Setup is straightforward: you log into each provider through Manifest’s OAuth or session-cookie flow, and Manifest handles the auth. From then on, every matching request is effectively free.
For anyone running a coding agent for 8 hours a day, this is the single biggest cost-saver I’ve seen in open-source AI infra this year. Full stop.
Manifest vs OpenRouter
The obvious comparison is OpenRouter, which has been the go-to LLM router for two years now.
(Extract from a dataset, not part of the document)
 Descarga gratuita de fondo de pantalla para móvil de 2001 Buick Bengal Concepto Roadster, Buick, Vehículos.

Here’s how they stack up:
| Manifest | OpenRouter | |
|---|---|---|
| Built for | Personal AI agents, consumer apps | Enterprise API traffic |
| Architecture | Local — your requests, your providers | Cloud proxy — all traffic via their servers |
| Cost | Free (self-hosted) | 5% fee on every API call |
| Source | MIT, fully open | Proprietary |
| Privacy | Metadata-only (or fully local) | Prompts and responses pass through a third party |
| Transparency | Open scoring — you see why a model was chosen | No visibility into routing decisions |
| Control | User-defined tiers + 5 fallbacks each | Flat fallback list or opaque auto-routing |
| Custom providers | Any OpenAI-compatible endpoint | Supported providers only |
| Subscriptions | Route through ChatGPT Plus, Claude Max, Copilot, etc. | Pay-per-use only |
Manifest is the local, transparent, no-fee alternative. OpenRouter is the managed, higher-abstraction option with a bigger model catalog if you don’t want to wrangle provider keys yourself.
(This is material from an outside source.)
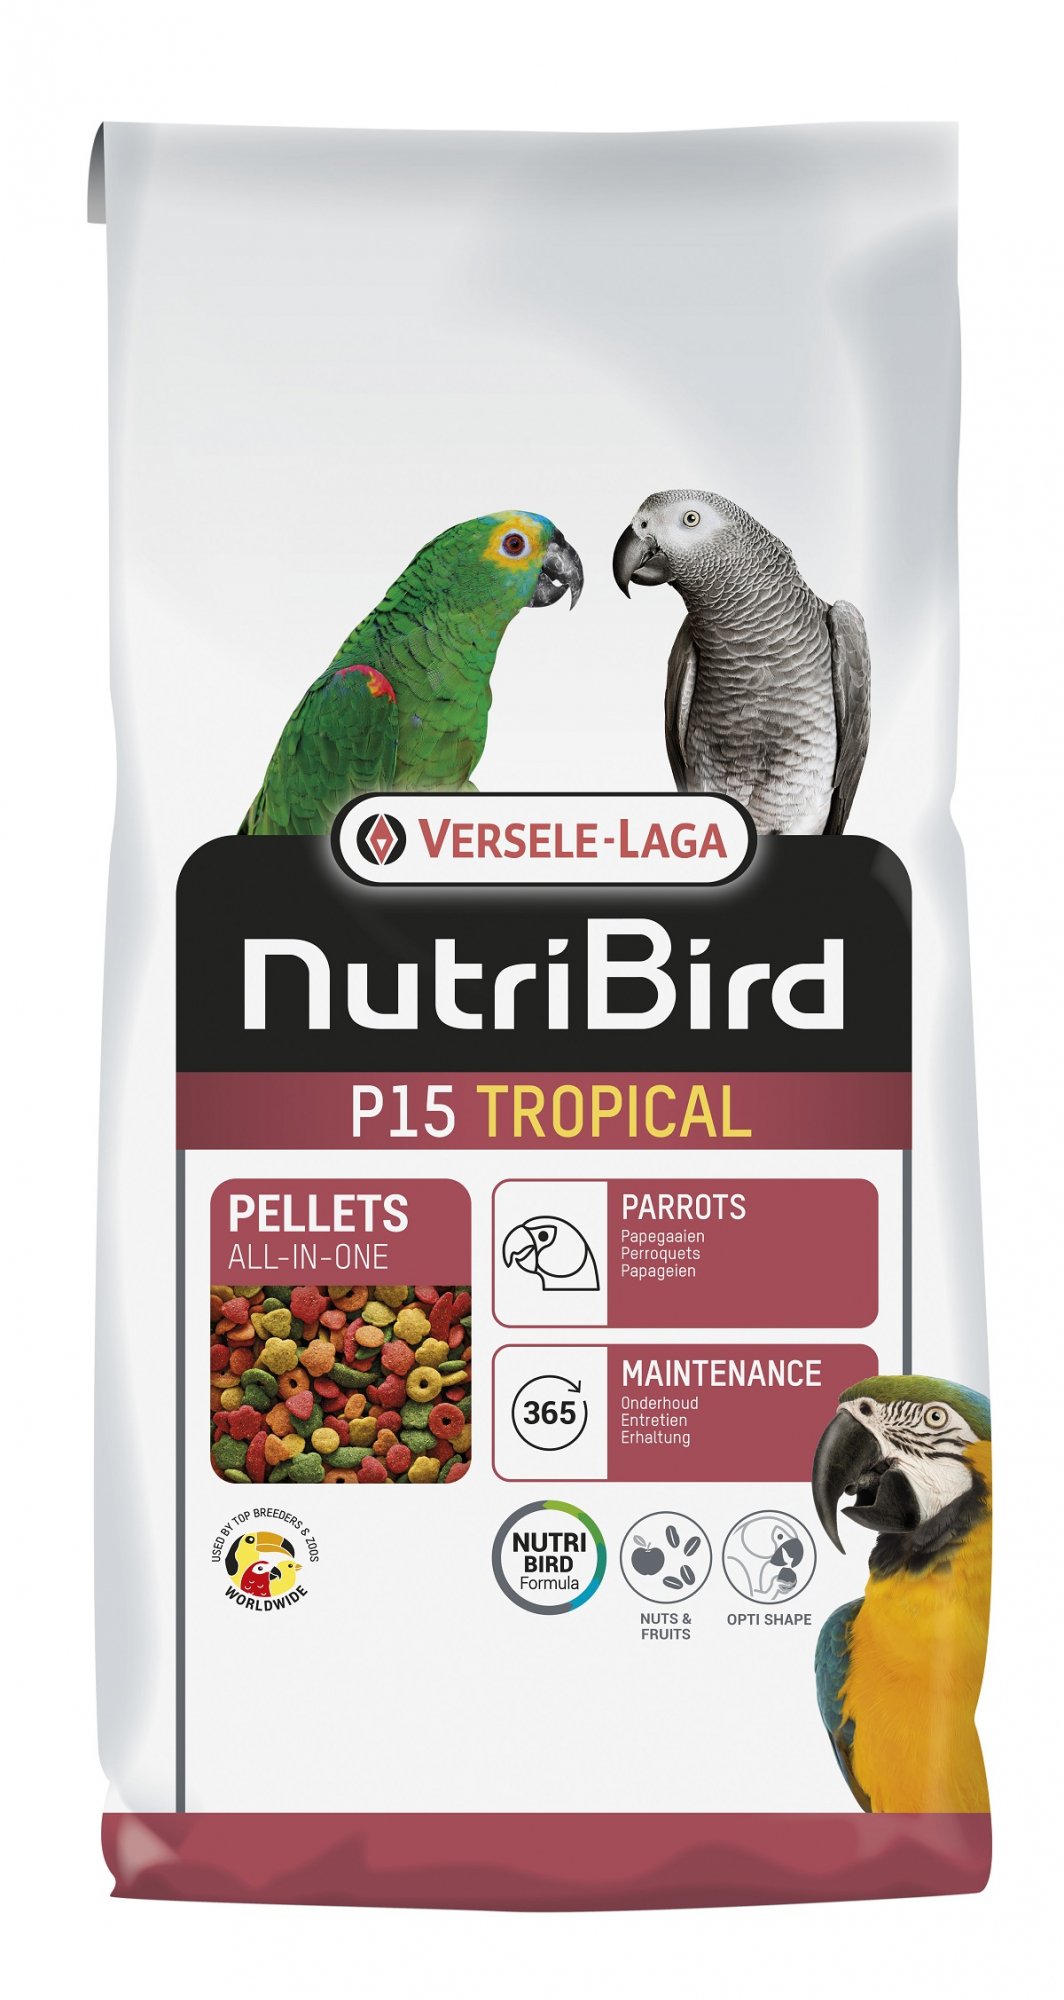 NutriBird P15 Tropical Comida para loros

If you’re a solo developer or run agents on your own machine, Manifest wins on almost every axis. If you’re an enterprise that wants one invoice and a SOC 2 vendor, OpenRouter is still the safer pick.
Community Reactions
From the Show HN thread and the Manifest Discord (~4,000 members), the response is overwhelmingly positive but with consistent caveats:
“Moved my OpenClaw stack behind Manifest last week. My token bill dropped from $11/day to $3.40/day with no perceivable quality loss. The subscription routing is black magic.” —
@kovalskyon Discord
“The 23-dimension scorer is open source and runs locally. That alone makes me more comfortable than using OpenRouter’s black-box auto-routing in production.” — HN user
ptrrwtn
“Honestly, the killer feature is not the cost savings — it’s the fallbacks. My agent stopped dying when Anthropic had that 3-hour outage last Thursday because Manifest quietly failed over to GPT-5. I didn’t notice until I checked the dashboard.” — Reddit, r/LocalLLM
The common criticisms:
- The scoring algorithm is opinionated — it’ll sometimes route a “hard” query to the Standard tier if the prompt is short. You can correct this with explicit
manifest/reasoningcalls, but defaults aren’t perfect. - Setup overhead: managing 10 provider keys is still 10 provider keys. Manifest doesn’t magic that away.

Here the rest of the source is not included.